CVSS: an (inappropriate) industry standard for assessing cyber risk
Which is worse: a vulnerability that allows an unauthenticated user to perform remote arbitrary file execution against a VPN gateway your company uses or the fact your business’ data (assuming you are based in the United States) would be destroyed in the case of a nuclear war with Russia (due to America’s lack of a comprehensive ballistic missile defense system and general susceptibility of most server farms to thermonuclear infernos)?
According to the Common Vulnerability Scoring System (CVSS), the former vulnerability has a “perfect” score of 10.0 (out of 10.0) while by my calculations the latter would have a score of only 7.3. I am fairly certain, though, that most people would consider nuclear annihilation to be the worse outcome, from both a business and general life perspective.
I’m sure people’s eyes are already rolling due to my use of an extreme example here, but hear me out. Obviously the risk of the first vulnerability being “exploited” is higher than the second, and thus it might make sense to worry about it more. But just being able to understand the consequences of a vulnerability’s successful exploitation - its severity - is the first step in assessing risk, and the CVSS falls short even in its ability to do just that.
In this post, I will explore the use of the CVSS throughout the software industry and explain why it is not an appropriate standard for cyber risk management. This is because it is neither designed for risk management nor is it an appropriate tool for evaluating severity alone.
At a high level, the system evaluates security vulnerabilities based on the potential impact to data confidentiality, integrity, and availability (known as the “CIA triad”). With its focus on CIA, the standard necessarily takes a defender’s perspective, which generally makes sense since information security professionals are focused on protecting these attributes of data (despite pronouncements that “The CIA Triad is Dead”).
Otherwise, though, I won’t rehash the standard in depth, because there is detailed documentation available explaining each aspect of it. I will instead focus on the specific areas where I think that the CVSS falls short.
Before I dive in, I want to say that I mean no disrespect whatsoever to the Forum of Incident Response and Security Teams (FIRST), which maintains the standard.

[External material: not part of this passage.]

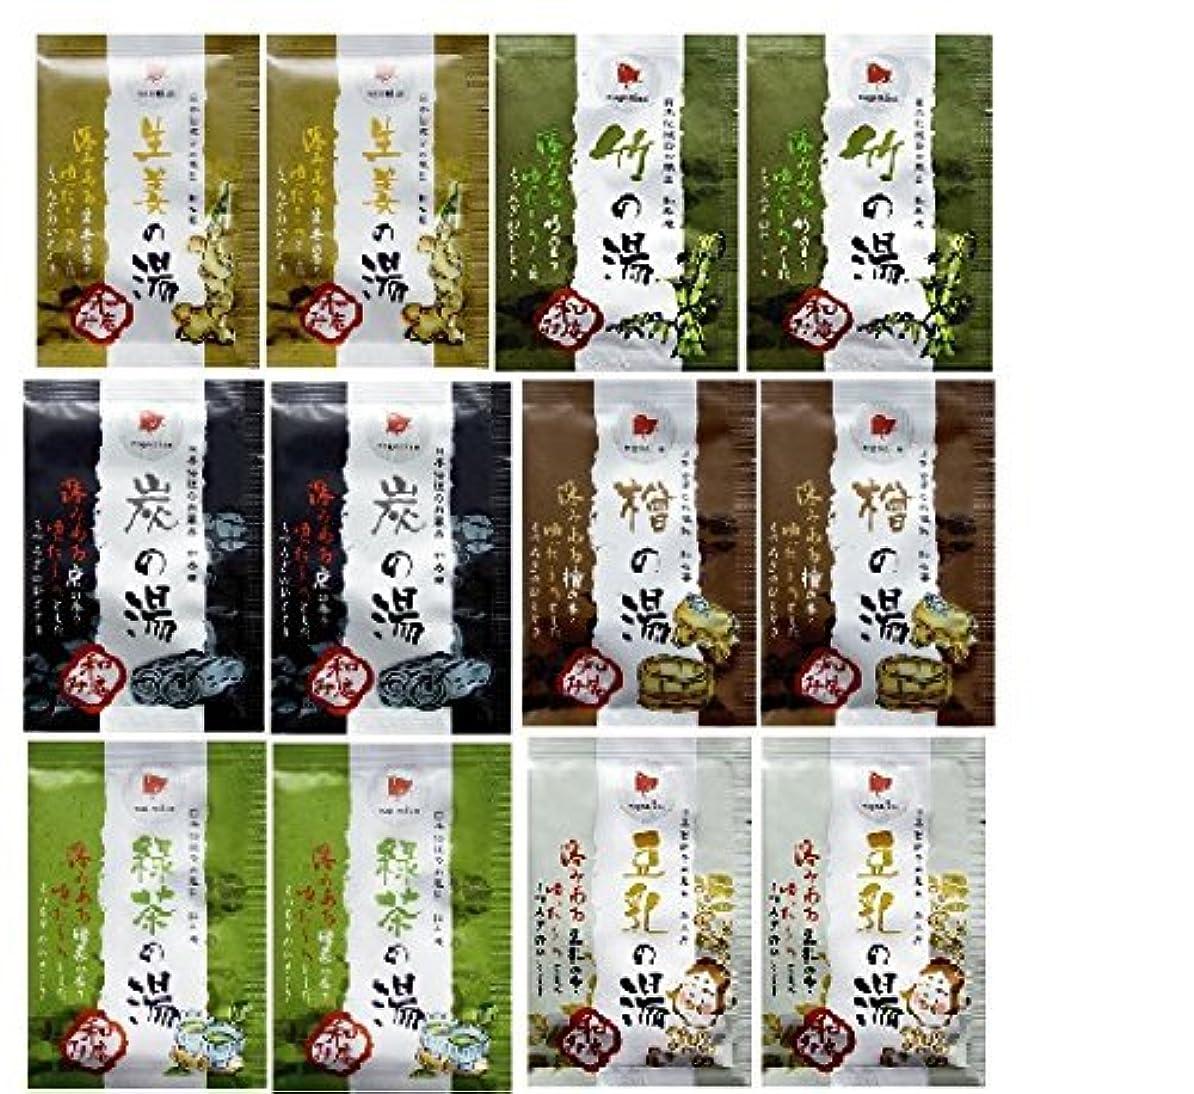 言語アテンダント旧正月日本伝統のお風呂 和み庵 6種類×2 12包

All of my comments are intended in the spirit of providing constructive feedback. FIRST seems like a great organization, and they have steadily modified the CVSS over time to reflect industry trends and input. Most notably, they took an important step with the 3.1 version by clearly stating that “CVSS Measures Severity, not Risk.”
Not a risk measurement tool
Unfortunately, it doesn’t seem like the software industry is listening to FIRST. Interacting with a fair number of stakeholders - both internal and external - over my career suggests to me that many people have not internalized the FIRST position. Despite the multitude of vendor blog posts that explain (admittedly in a self-interested manner) why the CVSS alone should not be used for risk assessment, I would say that many information security teams still do exactly this.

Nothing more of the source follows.